Two companies in the vascular/cardiovascular device sector plunged into the initial public offering (IPO) waters last month, both fairly successfully, while a third withdrew its plan to test those waters. ev3 (Plymouth, Minnesota) raised about $165 million and Micrus Endovascular (Sunnyvale, California) about $31 million, while HemoSense (San Jose, California) opted to postpone its proposed IPO.

ev3 priced 11.8 million shares at $14, below the estimated $16-$18 range. The stock opened at $13.50 and climbed to $14 in recent trades. ev3 and one of its stockholders also granted to the underwriters a 30-day option to purchase up to another 1,764,750 shares of common stock at the IPO price to cover over-allotments. ev3 has been acquiring and developing a variety of catheter-based technologies used in the treatment of coronary, neurological and peripheral vascular diseases. Its cardiovascular products include the SpideRx, the X-Sizer, the Diver C.E. and the PLAATO. It also is developing a variety of stents used in the peripheral vasculature: a family of Prot g devices and a family of balloon angioplasty catheters.

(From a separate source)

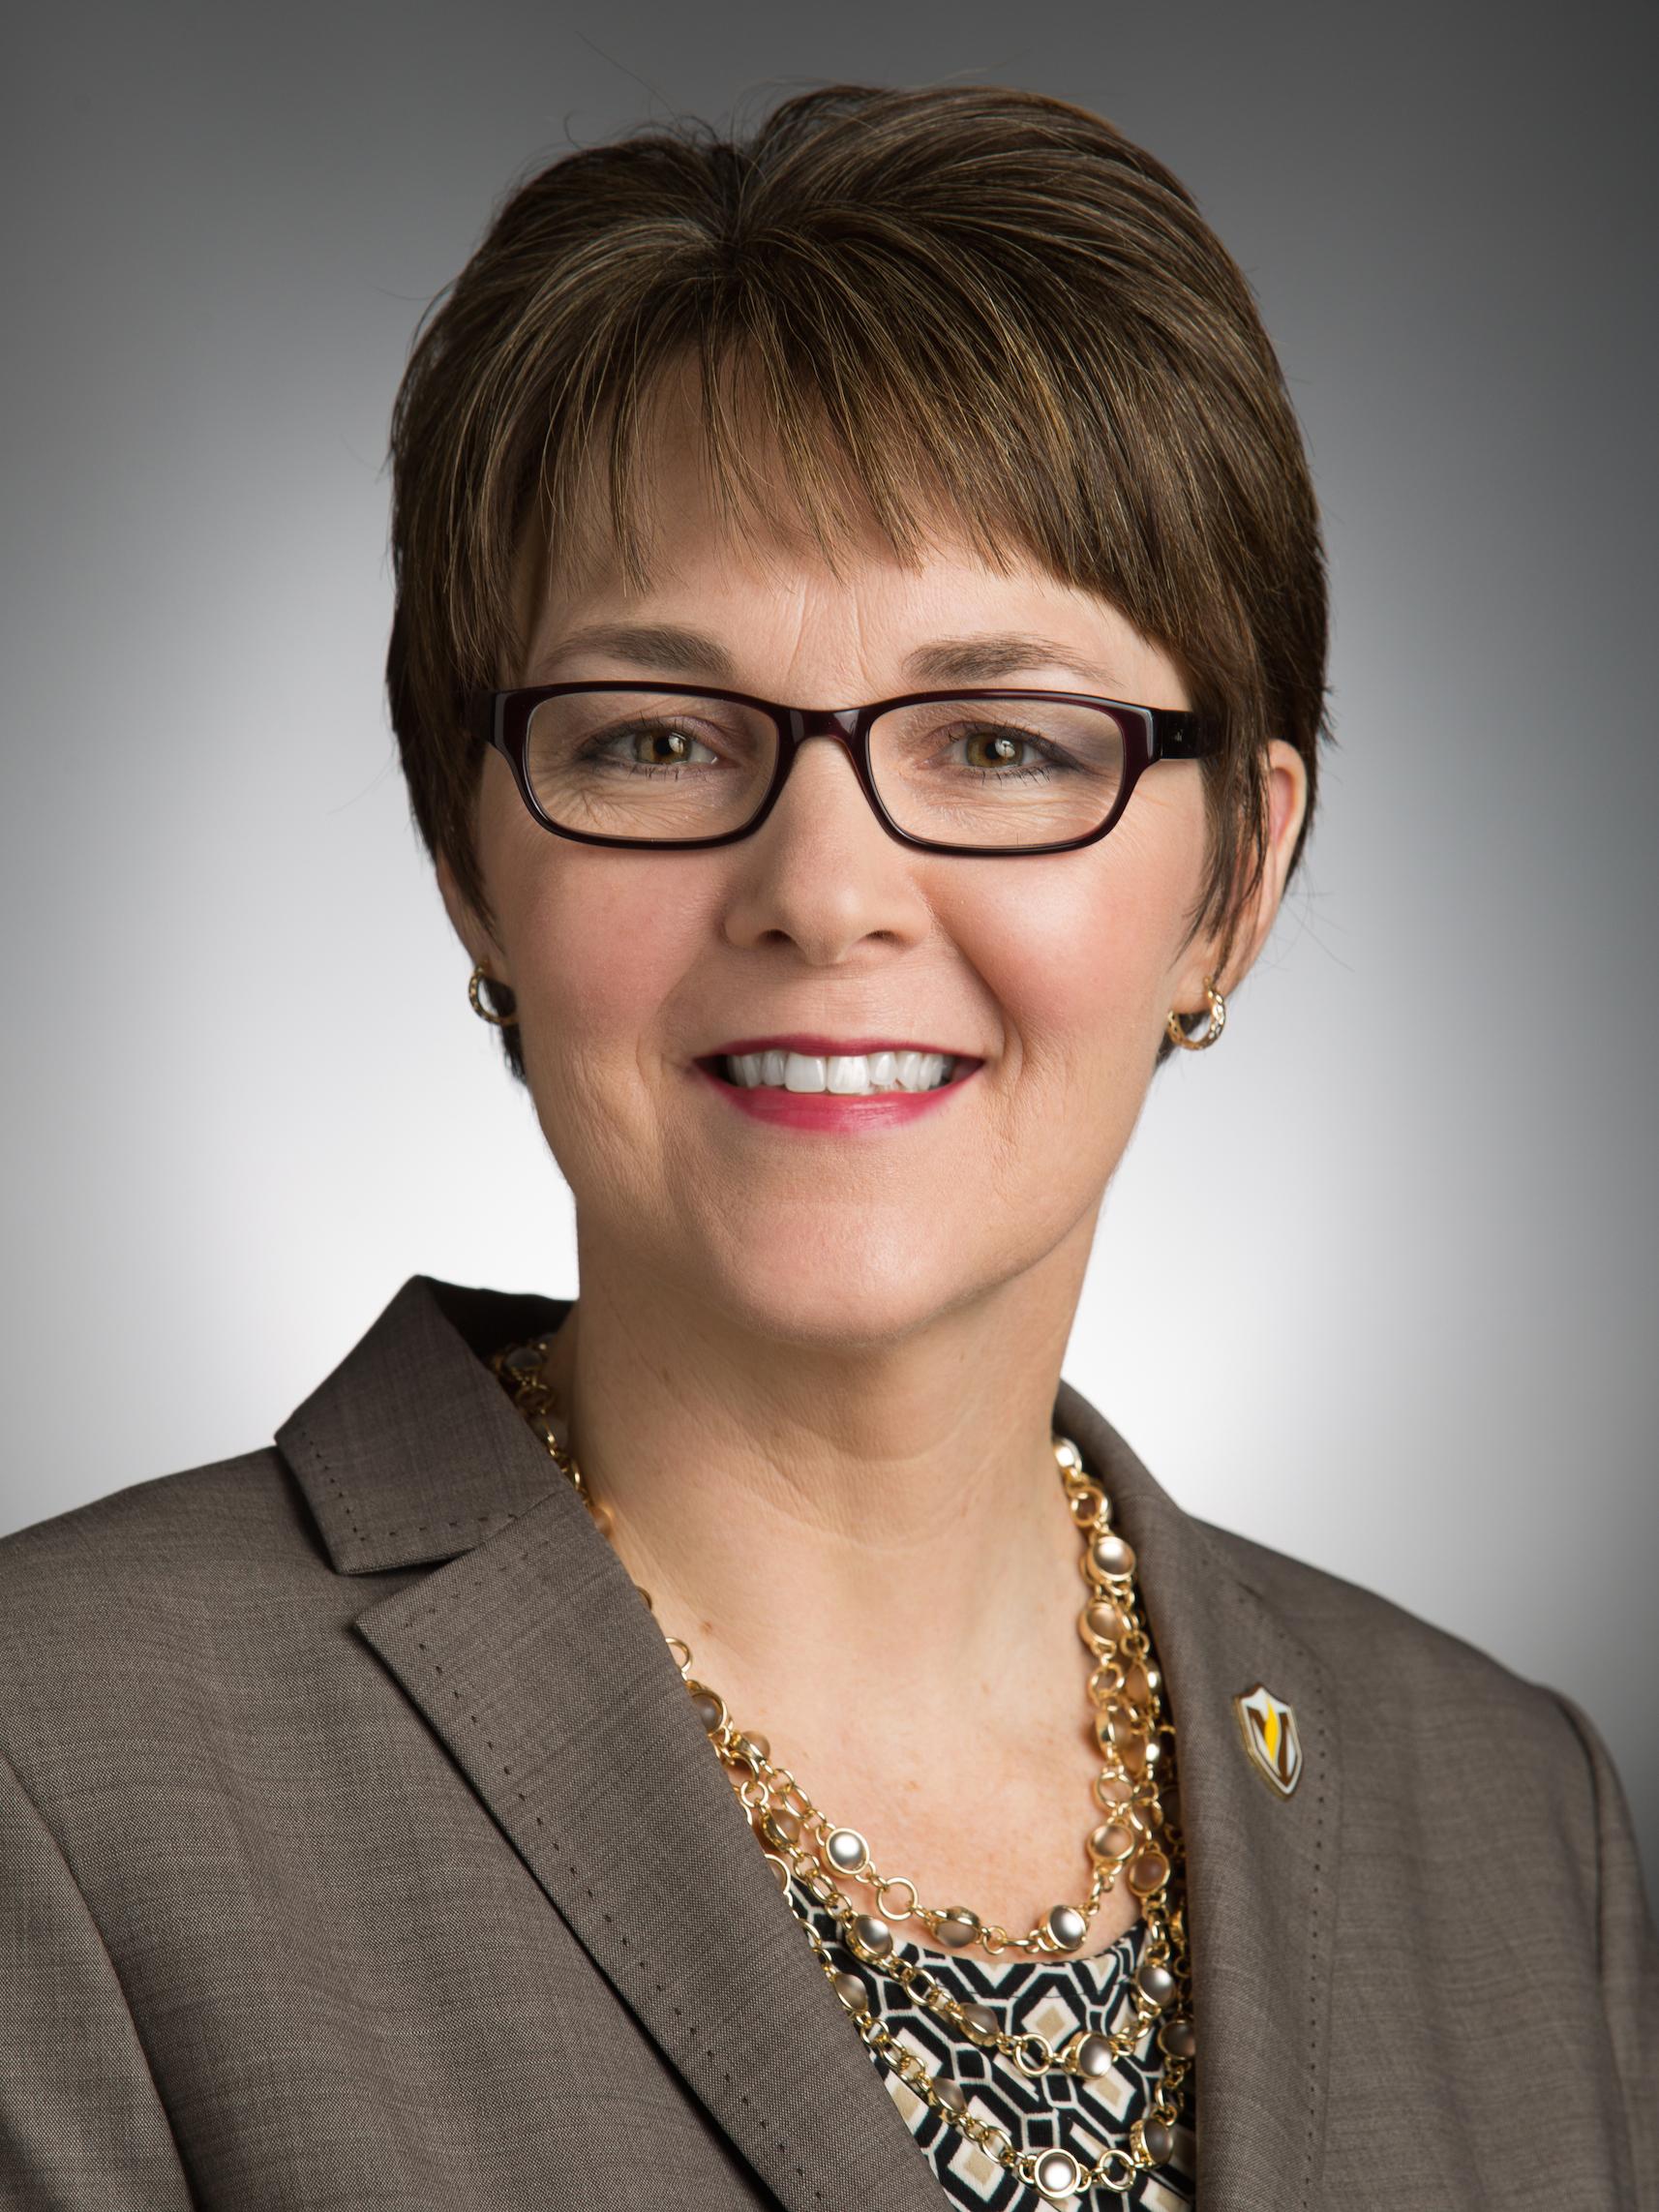 Jennifer A. Ziegler

In its IPO, Micrus offered 3.25 million shares. It opened at $11.06, above its $11 offering price and raised $36 million with net proceeds of nearly $31 million. The stock traded at $11.01 in recent action, and the company granted he underwriters the option to sell an additional 487,500 shares of the stock at the IPO price to cover over-allotments. The company - which manufactures implantable and disposable medical devices used in the treatment of cerebral aneurysms -- filed for the IPO in March.

HemoSense, a maker of hand-held blood coagulation monitoring systems, chose to postpone its IPO of 2.6 million shares at the range of $9 to $13. The company filed for the offering in April and then in June dropped the price range to $8 to $10 a share, down from $9 to $13, but boosted the number of shares from 2.6 million to 3.5 million.

Lederman leaves Abiomed

Near the eve of a major milestone for heart pump developer Abiomed (Danvers, Massachusetts), the company reported that founder Dr. David Lederman was leaving the company, stepping down as company chairman and director. The announcement that Michael Minogue, president and CEO of the company, would take over as chairman came exactly a week before the company would make its presentation before an FDA panel consideration of the company's humanitarian device exemption (HDE) for the firm's AbioCor artificial heart, a device it bills as the only artificial heart totally implantable in the human body.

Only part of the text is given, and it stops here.